AWS for Games Blog

Deploy Unreal Engines Pixel Streaming at scale on AWS

Unreal Engine, created by by Epic Games, is one of the most advanced tools for creating and rendering photo-realistic visuals and immersive experiences. This is needed to power the latest games and the Metaverse. Traditionally, such experiences required a thick client, a desktop computer for example, with a discrete GPU. Unreal Engine’s Pixel Streaming allows the running of Unreal Engine applications on a server in the cloud and streaming its rendered frames and audio to browsers and mobile devices using WebRTC.

Using AWS and Unreal Engine’s Pixel Streaming, developers can create content with Unreal Engine and deploy it on Amazon Elastic Compute (EC2) on either Windows or Linux. This article will focus on how to deploy your Unreal Engine application at scale. This means being able to spin up and spin down EC2 instances based on user streaming requests. The article will also discuss managing user streaming sessions across these EC2 instances.

Pixel Streaming component overview

From a hosting and deployment point of view, there are four key components to the Pixel Streaming solution

  1. A Unreal Engine application package to run the game logic.
  2. A signaling and web server along with a CoTURN implementation (for the TURN server) to serve traffic to the client via WebRTC protocol.
  3. A matchmaker server to distribute load across multiple gaming instances and to handle connectivity between the client and gaming application.
  4. A frontend component to run the package session on the client (browser).
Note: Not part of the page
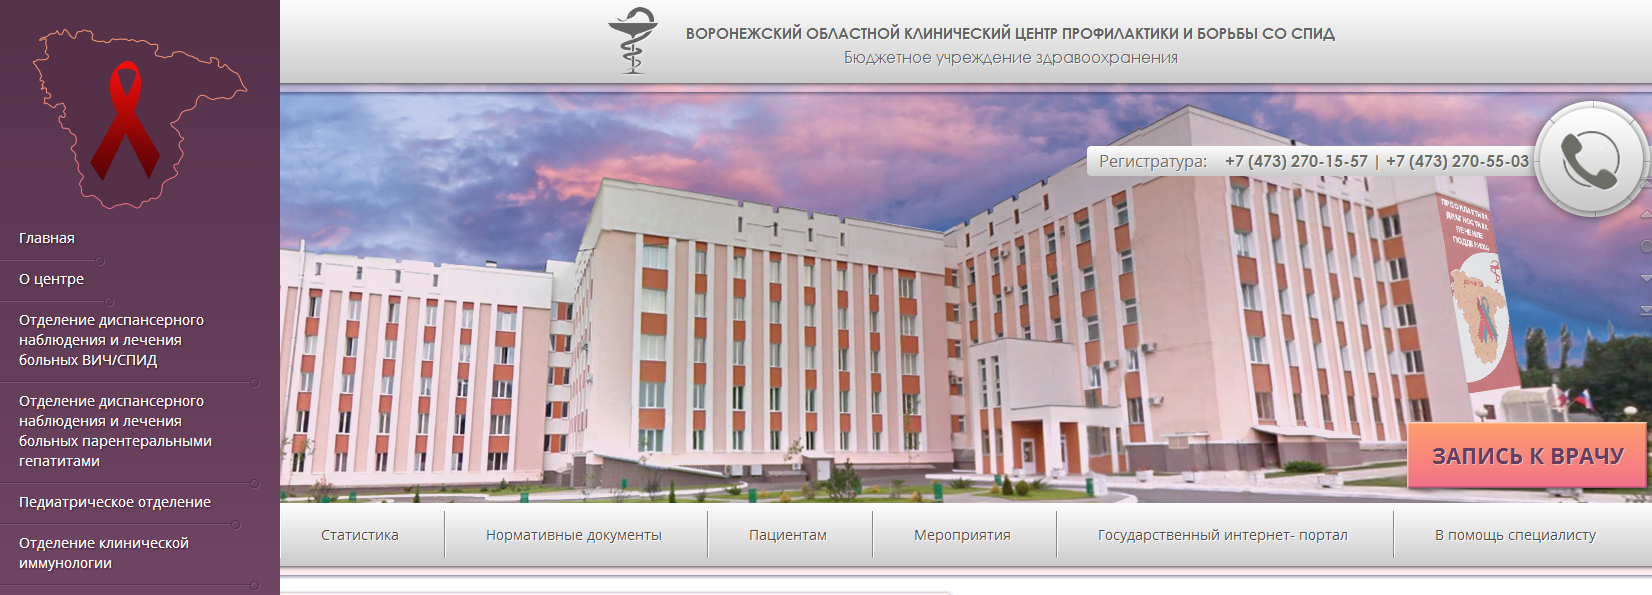 Сайт центра спид красноярск
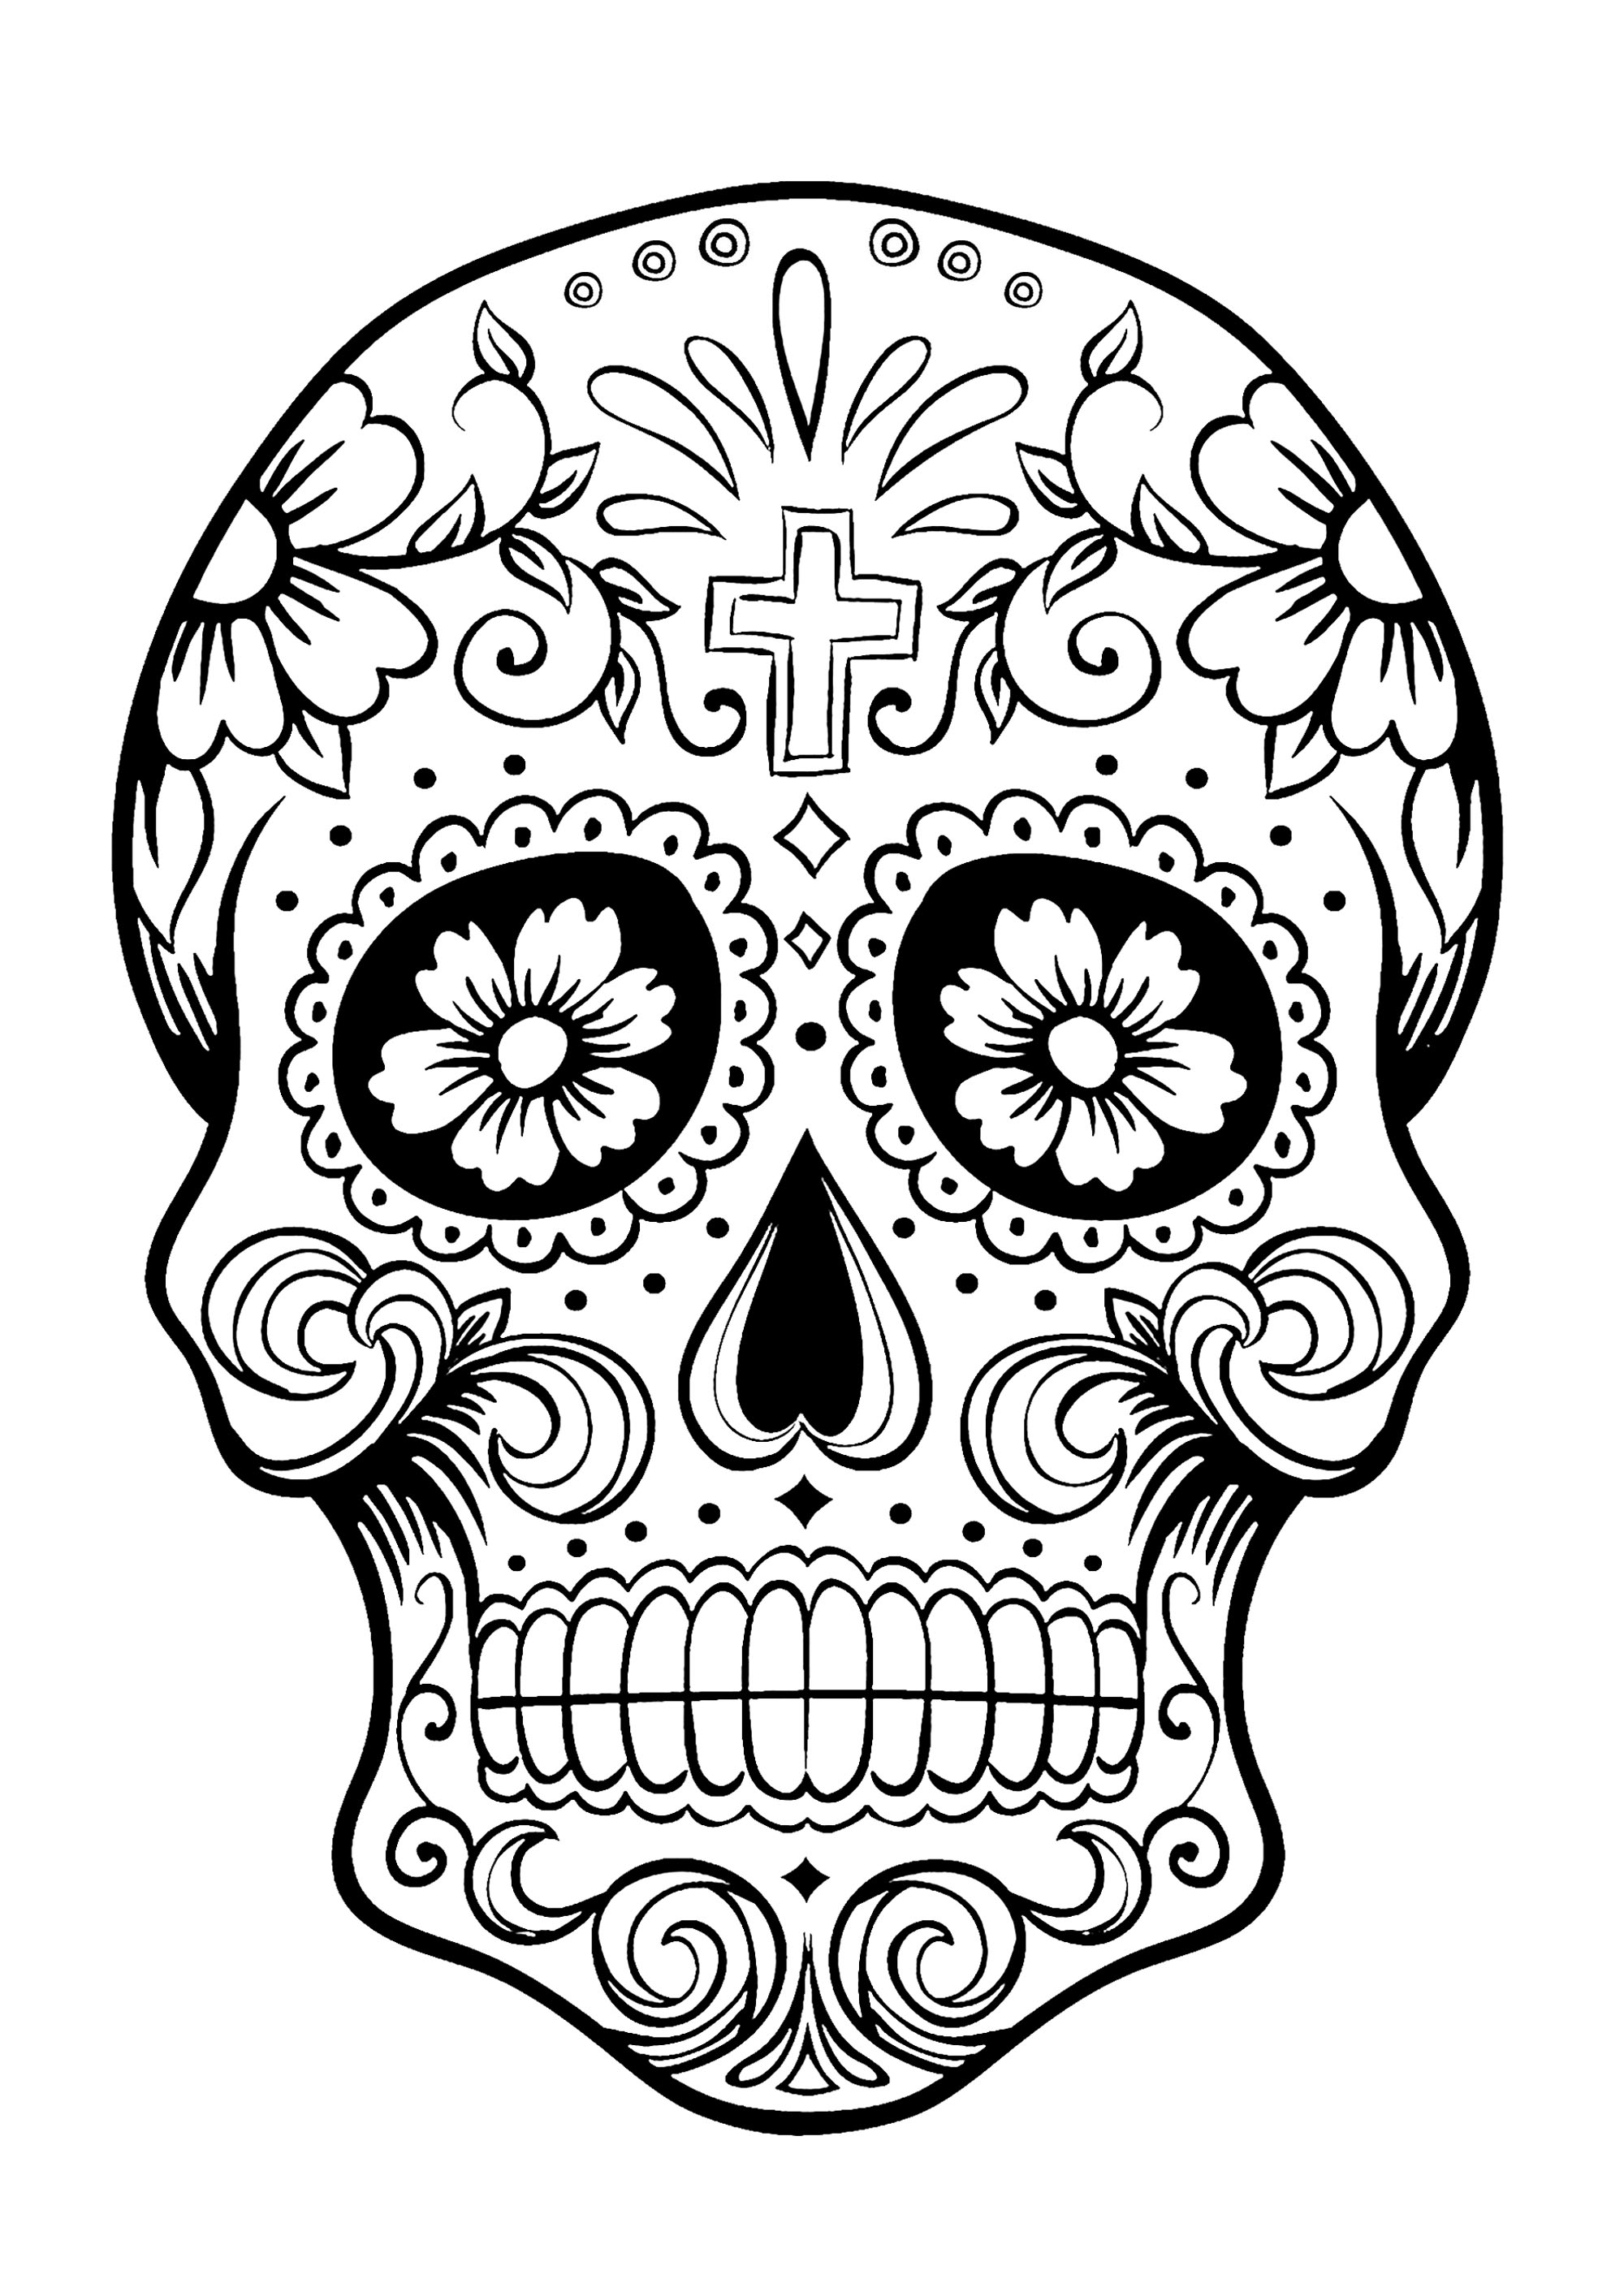 El Día de los Muertos / Day of the dead coloring page : Skull - 3, Artist : Art. Isabelle

The signaling server, CoTURN server, and Unreal Engine application can be hosted on the same Amazon EC2 instance. The instance requires GPU capabilities, offered by instance families such as G4dn. The instance also requires a public IP address for the CoTURN to maintain a WebRTC session with the client and can be deployed on a public subnet. In the remainder of the article, we will refer this Amazon EC2 instance as the signaling server.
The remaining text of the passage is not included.